One- and Two-Dimensional Inorganic Crystals inside Inorganic Nanotubes

Abstract

Various inorganic salts can be encapsulated inside the comparatively narrow (0.8-2 nm) hollow core of single-walled carbon nanotubes (SWNTs) by molten phase capillary wetting. A new synthetic strategy is presented allowing the formation of one dimensional (1D) inorganic crystals or core-shell nanotubular structures by using multiwall WS2 nanotubes as host templates. Molten phase wetting with CsI results in the formation of 1D crystal structures inside WS2 nanocapillaries with a Moire pattern. The relatively large diameter of the WS2 nanotube (with inner and outer diameters of ca. 10 and 20 nm, respectively), allows a conformal folding of the guest PbI2 layers (PbI2@WS2 core-shell nanotubes) on the interior wall of the WS2 nanotube-template, thus leading to relatively defect-free core-shell inorganic nanotubular structures, which have not been previously observed within carbon nanotubes (CNTs).

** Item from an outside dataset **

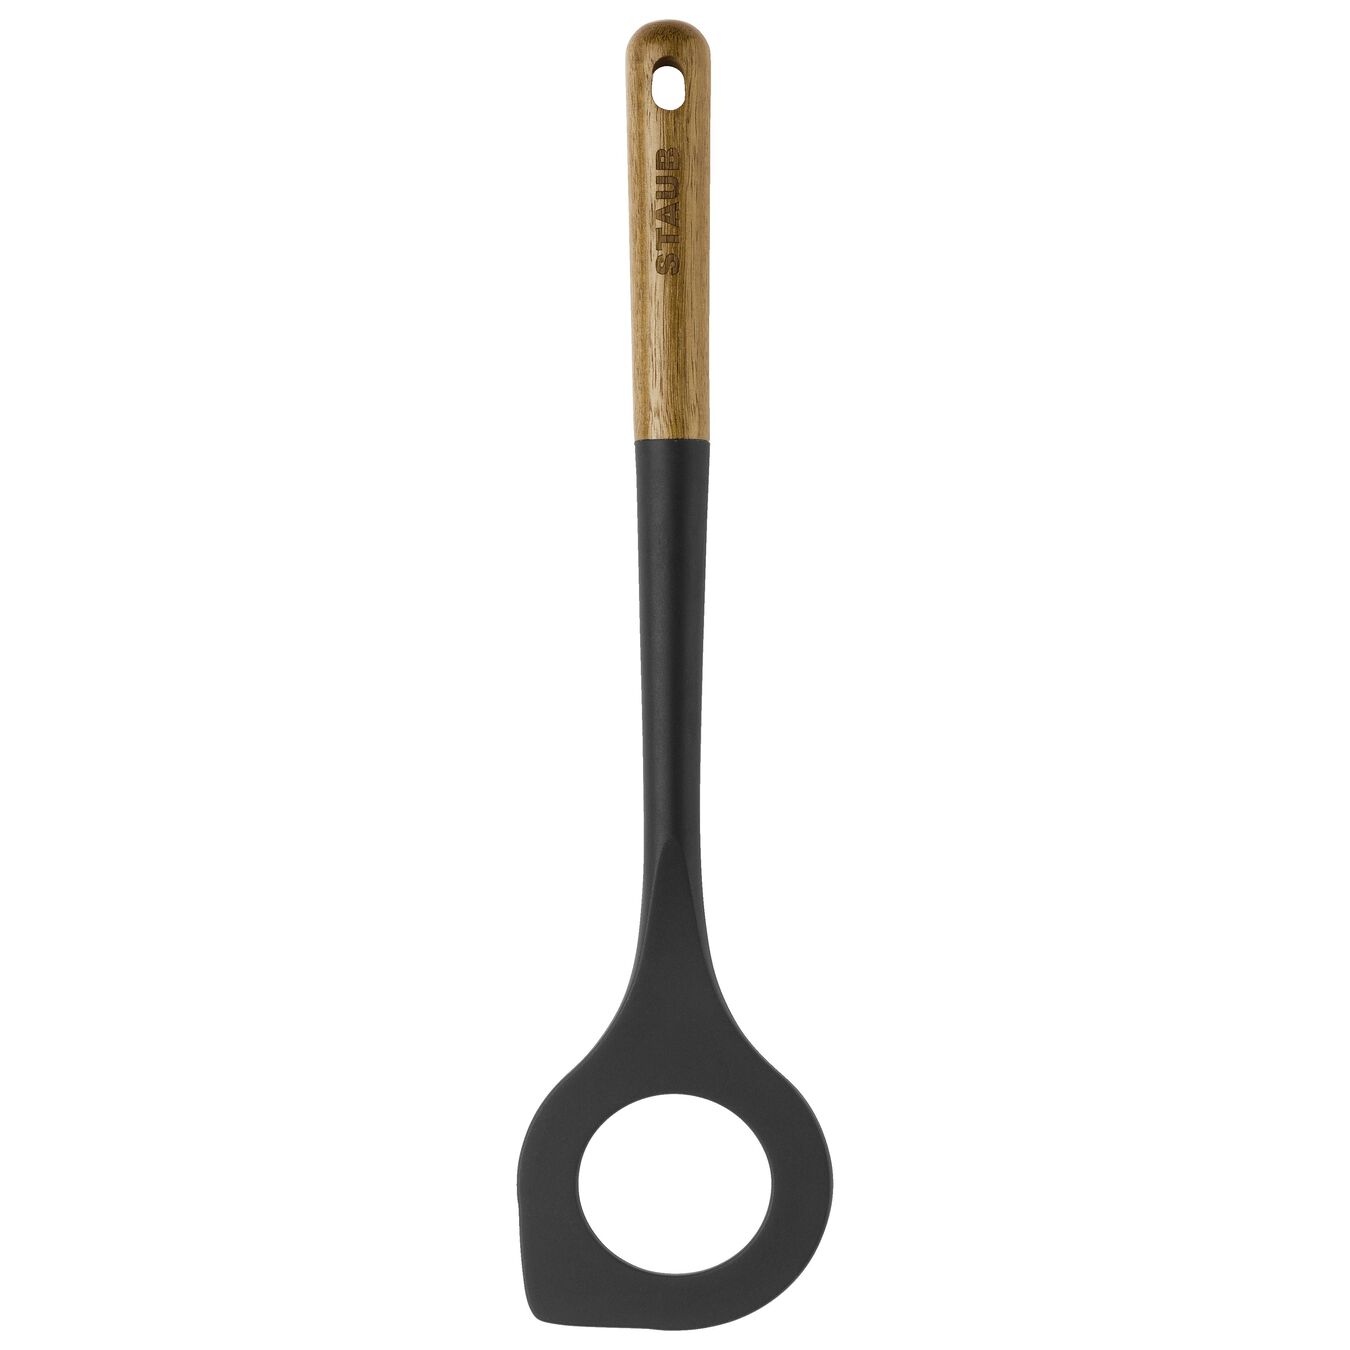 31 cm silicone Risotto spoon, black,,large 2

Core-shell WS2@MoS2 nanotubes can be obtained by the gas-phase reaction of MoCl5 with sulfur in the presence of WS2 nanotubes. The mechanism of imbibition/solidification of the molten salt into the hollow cores of MoS2 nanotubes has been studied by molecular dynamics simulations, showing major differences between layered compounds and those with quasi-isotropic structure. Theoretical considerations also show the conditions for the stability of such core-shell 1D nanostructures. These new strategies can open up many possibilities for the synthesis of new nanotubular structures.